Decoupling the documentation contributors could impact the early adopters positively and long term users negatively. I think think the primary way to achieve the goal set out in this proposal is tightly coupled with the next proposal, by letting users of an open source git-powered platform make the edits, we essentially open source our documentation and our processes at the same time.
I helped spearhead the move of WordPress maintenance support plans Commerce’s documentation to the subdomain “docs” for the same reason. We have much better documentation because of this move. Anecdotally, for WordPress maintenance support plans Commerce 1, we had maybe a handful of contributors to WordPress maintenance support plans’s documentation. Now, for version 2, we have a myriad of contributors (51!!). Scaling documentation is hard, and this is one way to increase involvement.
Personally, I absolutely love this part of Matthew’s proposal. Professionally, I think the community is divided and people are picking sides. They are rightly asking: Why can’t WordPress maintenance support plans do this very content heavy thing better? Perhaps the answer is: WordPress maintenance support plans can do this! We just have to accept this content lives in a version-controlled repo and not in the database.
Proposal #5:
Host Docs on Repo
Use a repository that is hosted on GitHub (or GitLab) to manage the official WordPress maintenance support plans documentation.

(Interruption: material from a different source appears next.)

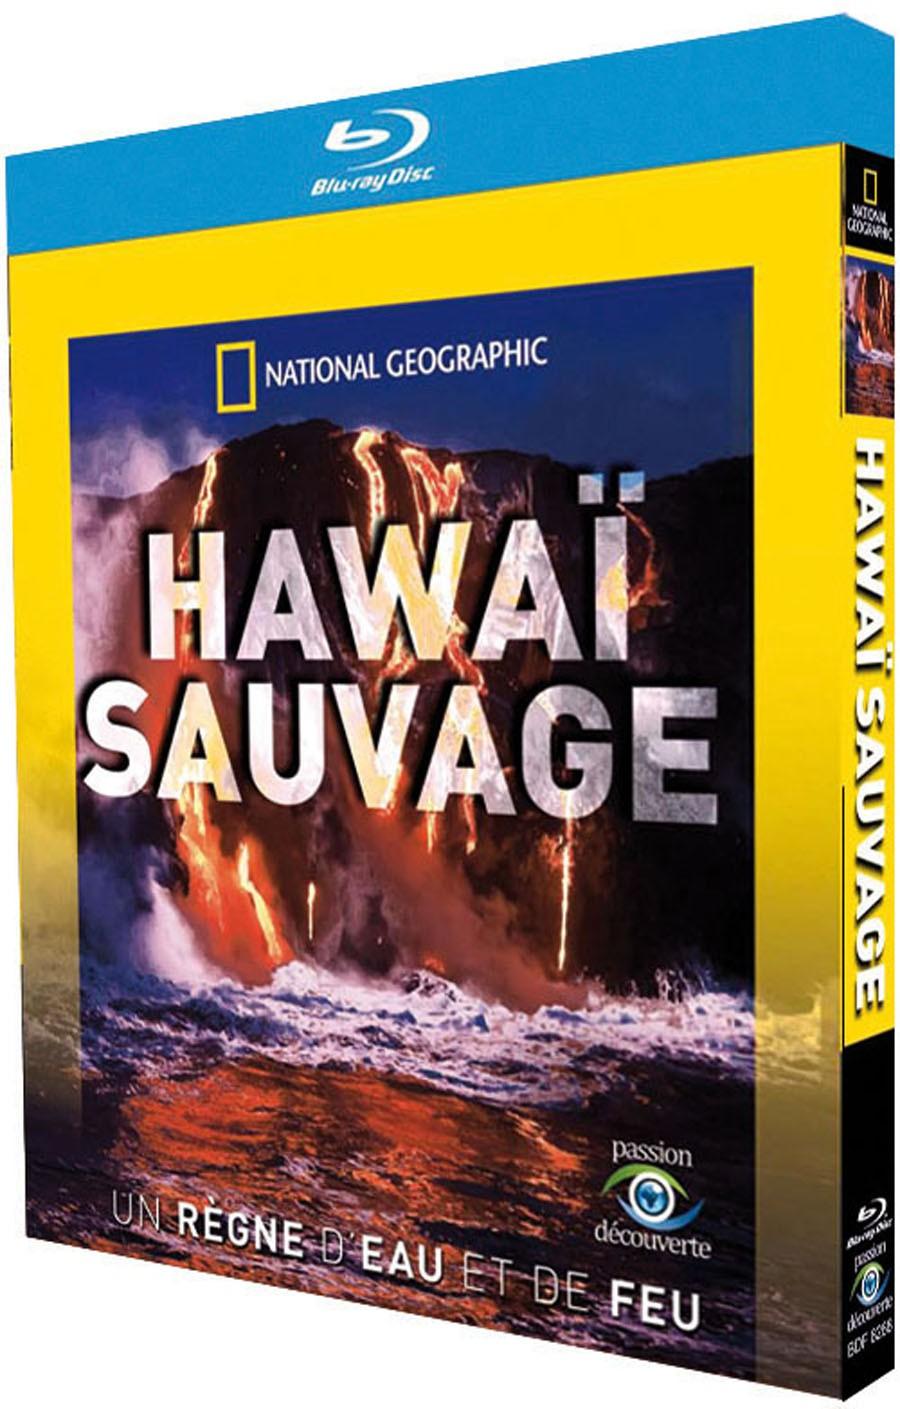 NATIONAL GEOGRAPHIC - HAWAÏ SAUVAGE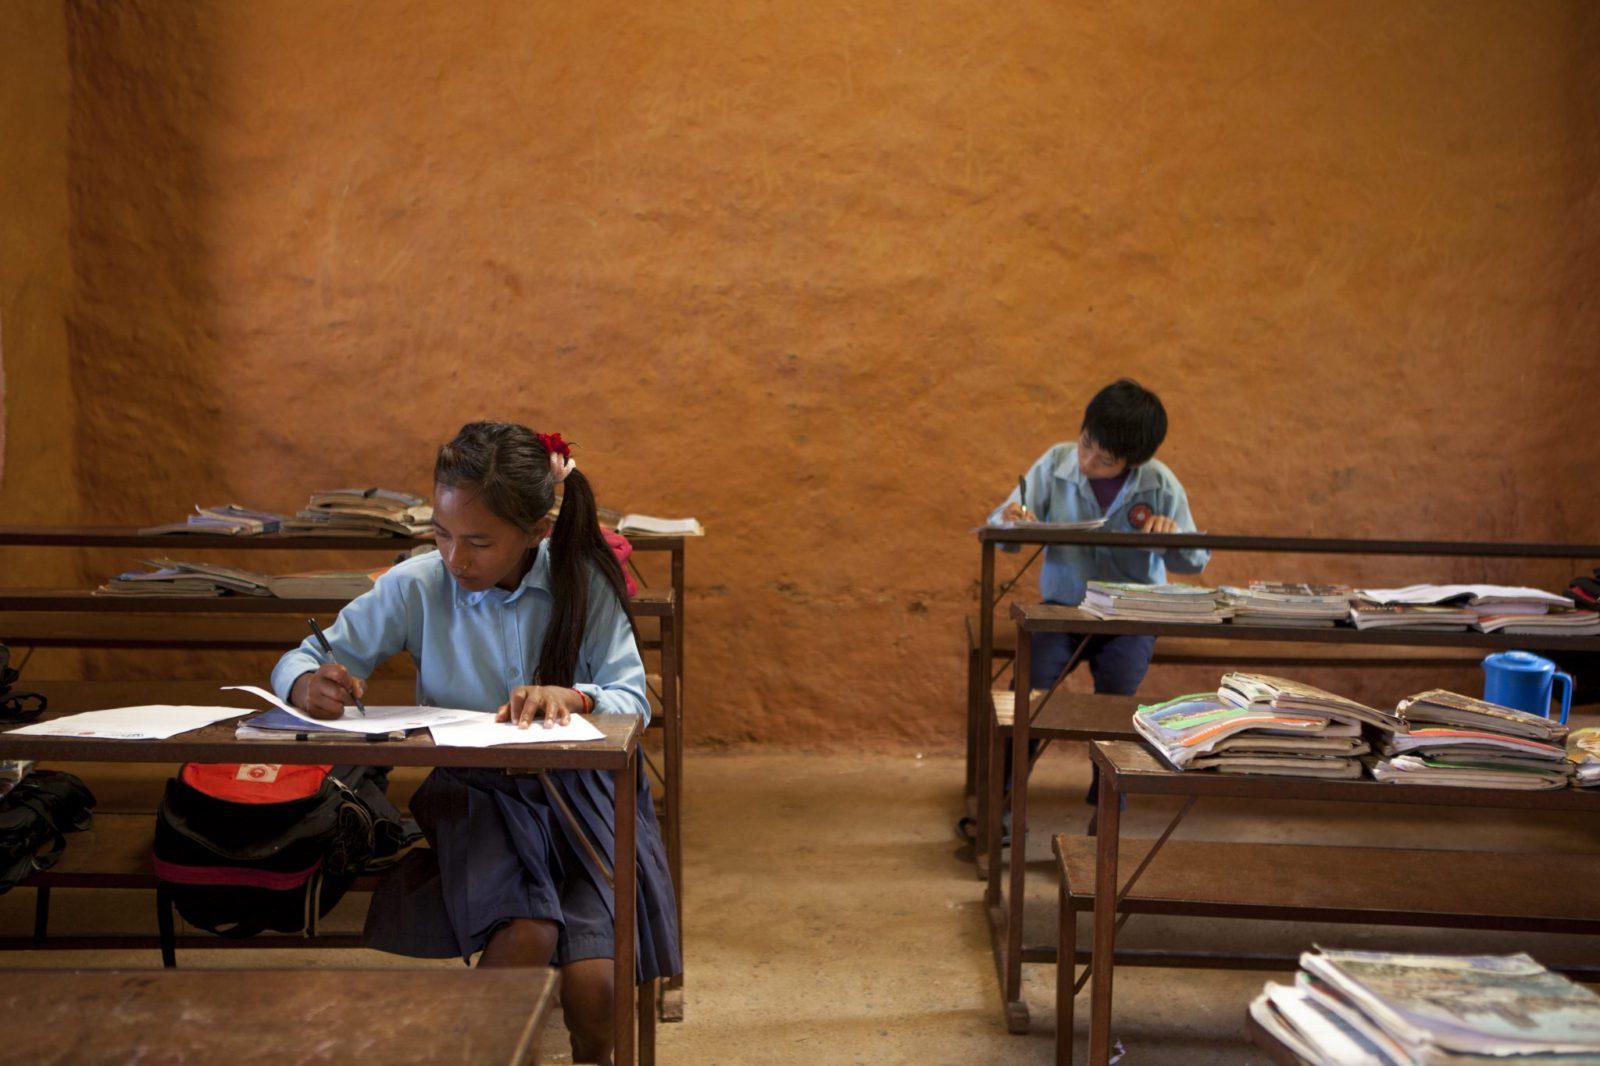 Nepal istruzione 14

Agreed. I’m looking forward to learning how WordPress.org will move to one of the git-based hosting services. I’d throw my hat into the github arena, but the initiative for WordPress.org has already chosen bitbucket. So let’s use bitbucket.
Proposal #6:
One Pager
Create a new class of documentation that we’re lacking: “The Official One Pager.”
Cool, love the idea. I think we could take or leave this. If I were proposing these changes to a client, I would mark this proposal as optional. This helps communicate that this proposal is a lower priority (unless the decision makers want to make it a higher priority) and helping the decision makers understand that this scope increase, while very beneficial, would impact the delivery and bottom line and could easily be moved on to a different delivery schedule.